I have posted about it in 2020 in this thread [webmasterworld.com...]
The last time they visited was on 09/01/2020.
-----------------------------
ip: 13.69.199.xx
remote host: 13.69.199.xx
TimeDiff(0)
time: {ts '2020-02-04 06:18:46'}
http_content:
method: GET
protocol: HTTP/1.1
connection: Keep-Alive
accept: text/html,application/xhtml+xml,application/xml;q=0.9,image/webp,*/*;q=0.8
Accept-Language: en-US,en;q=0.5
user-agent: Mozilla/5.0 (Windows NT 10.0; WOW64; Trident/7.0; rv:11.0) like Gecko
Accept-Encoding: gzip, deflate, sdch
host: www.example.com
Upgrade-Insecure-Requests: 1
content-length: 0

So this morning they came back with the new set of headers:
-----------------------------
ip: 13.79.160.159
remote host: 13.69.199.207
time: {ts '2021-02-27 02:35:31'}
http_content:
method: GET
protocol: HTTP/1.1
Accept-Language: en-US,en;q=0.5
user-agent: Mozilla/5.0 (Windows NT 10.0; WOW64; Trident/7.0; rv:11.0) like Gecko
traceparent: 00-e573ada96200d34e8d1ae33b553fbfb1-70d23488b908da4e-00
Request-Id: |e573ada96200d34e8d1ae33b553fbfb1.70d23488b908da4e.
host: www.example.com
connection: Keep-Alive
Request-Context: appId=cid-v1:6aab17a2-3a95-4c54-a40a-4f8a00bcf3e3
accept: text/html,application/xhtml+xml,application/xml;q=0.9,image/webp,*/*;q=0.8
Accept-Encoding: gzip, deflate, sdch
Upgrade-Insecure-Requests: 1
content-length: 0

Notice 3 new headers included
traceparent: 00-e573ada96200d34e8d1ae33b553fbfb1-70d23488b908da4e-00 
Request-Id: |e573ada96200d34e8d1ae33b553fbfb1.70d23488b908da4e.
Request-Context: appId=cid-v1:6aab17a2-3a95-4c54-a40a-4f8a00bcf3e3

This is the first time I see those headers and searched my logs if any other browsers send it, no, never happened before.

I tested to see if the headers are included with stock IE11 in Win7 and Win10. Nope. Also somehow claim to support image/webp - sent via accept header - nice try ah?

lucy24

8:35 pm on Feb 27, 2021 (gmt 0)

WebmasterWorld Senior Member 10+ Year Member Top Contributors Of The Month



:: return to logged headers ::

Traceparent: Hey, there they are, with values all in the form 00-\h{32}-\h{16}-00 or -01. (Most text editors don’t have a shorthand for “hexadecimal” i.e. [\da-f] but SubEthaEdit does, trala.)
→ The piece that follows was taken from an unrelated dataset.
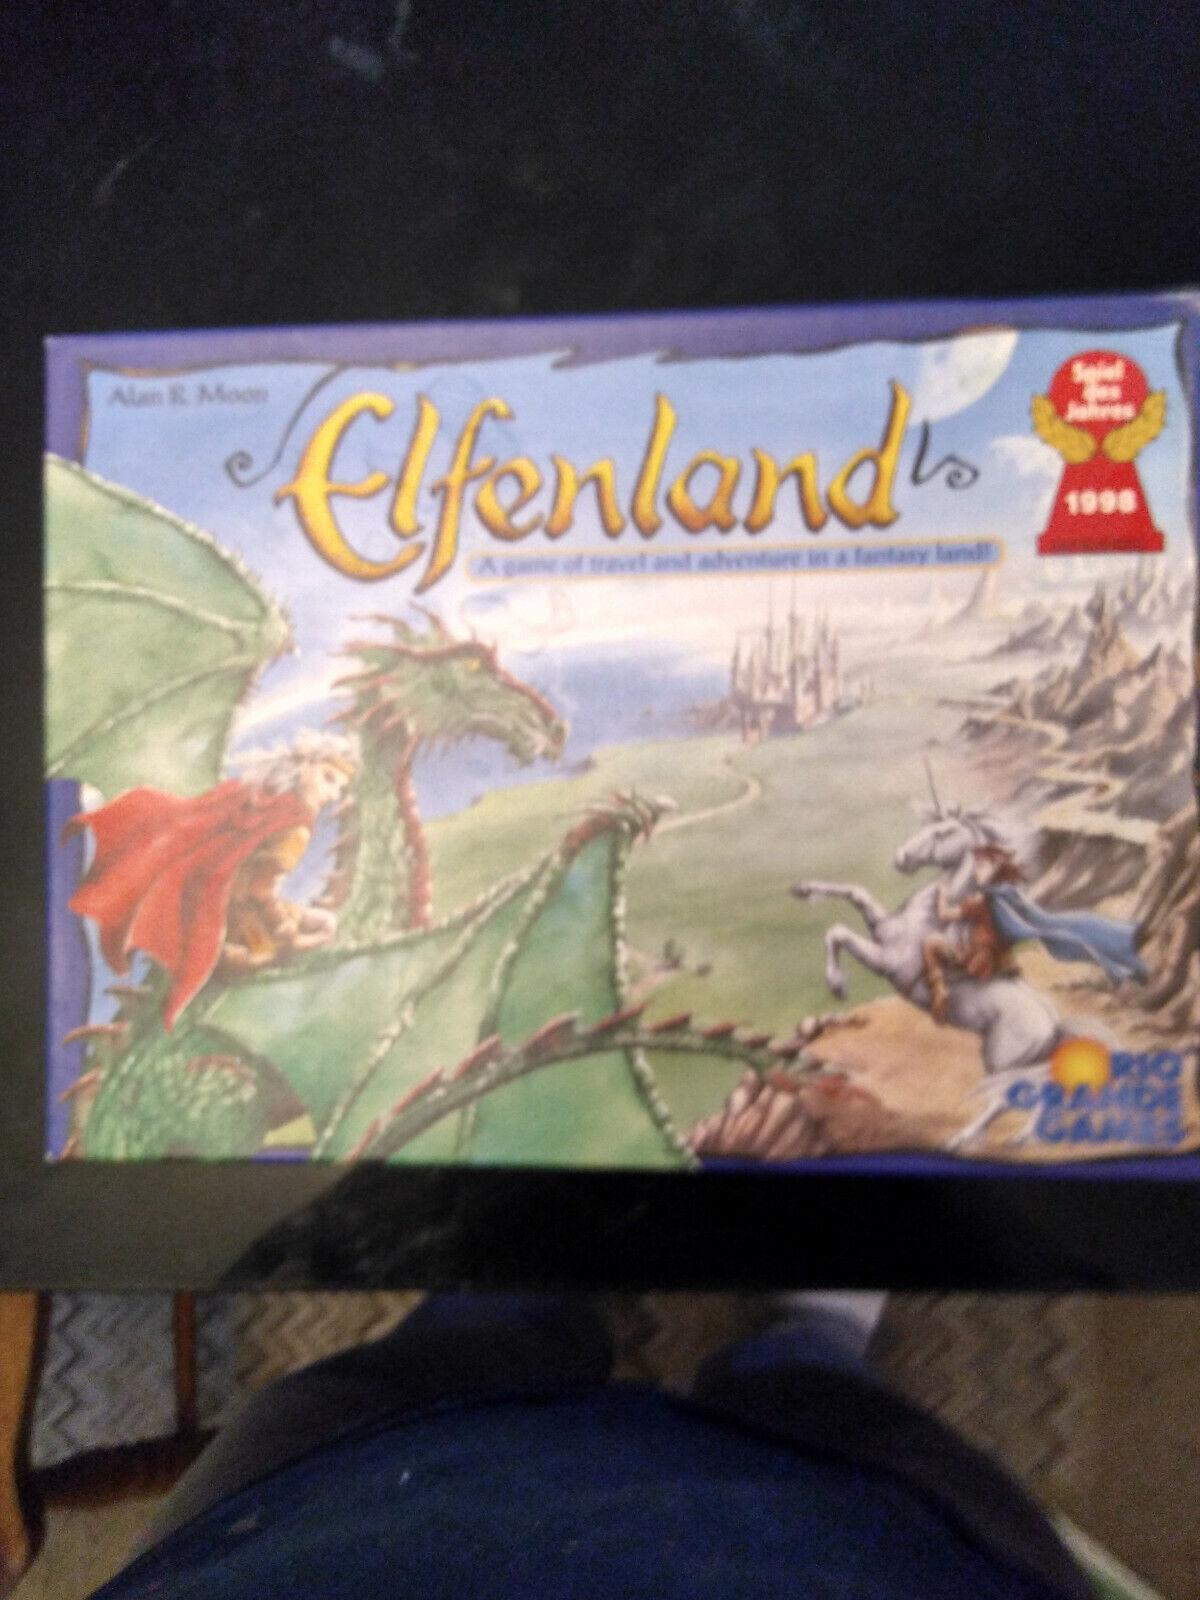 Elfenland Juego de Tablero  un juego de viaje y aventura en una tierra de fantasía

One, dated 30 November, came with “Elastic-Apm-Traceparent” which came up in the same search, along with “Tracesearch”.

Another, dated way back on 30 May, came accompanied by Request-Id and Request-Context, with similar values to the above-quoted, including the leading | pipe. I don't find any other Request-blahblah.
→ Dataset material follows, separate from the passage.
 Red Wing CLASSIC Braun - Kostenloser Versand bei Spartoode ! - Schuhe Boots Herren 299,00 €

The biggest batch of “Traceparent” is dated 15 December, which had an unexpected poignancy since that was my father’s birthday. All the same IP, but various UAs.

All definitely robots.

Edit: On a hunch, I searched for the value
00-[\da-f]{32}-[\da-f]{16}-0[01]

This yielded a much larger number of hits, attached to the header “Sentry-Trace” which I also don’t remember seeing. Again, all appear to be robots; many have the environmental variable “botlang” which means
:: shuffling papers ::
Accept-Language ^en-US,en;q=0\.8,(ru|nl);q=0\.6$

It may all be the same robot--that is, the same robot script--from a handful of different IPs.

blend27

9:25 pm on Feb 27, 2021 (gmt 0)

WebmasterWorld Senior Member 10+ Year Member Top Contributors Of The Month



I forgot to mention that those 3 new headers that I see have different values on each request, even from the same IP. The only this that is the same in given request is:
traceparent: 00-e573ada96200d34e8d1ae33b553fbfb1-70d23488b908da4e-00
Request-Id: |e573ada96200d34e8d1ae33b553fbfb1.70d23488b908da4e.

Not a biggie toe...

lucy24

11:38 pm on Feb 27, 2021 (gmt 0)

WebmasterWorld Senior Member 10+ Year Member Top Contributors Of The Month



Clearly the unifying theme is “trace”. Wonder if it has a legitimate purpose?

:: google, google ::

Oh, will you look at that. w3 dot org has a whole page about Trace Context [w3.org]. Some day I'll be able to read more than two paragraphs without getting a headache. (Today's Signal Achievement was poring over the php dot net page about _SERVER variables. Buried in the Comments section was one they left out, REDIRECT_STATUS. We won't talk about the fact that the comment in question was nine years old, and the said variable has not yet been added to the main text. It gives me something to add to logged headers so I can immediately see which requests were blocked.)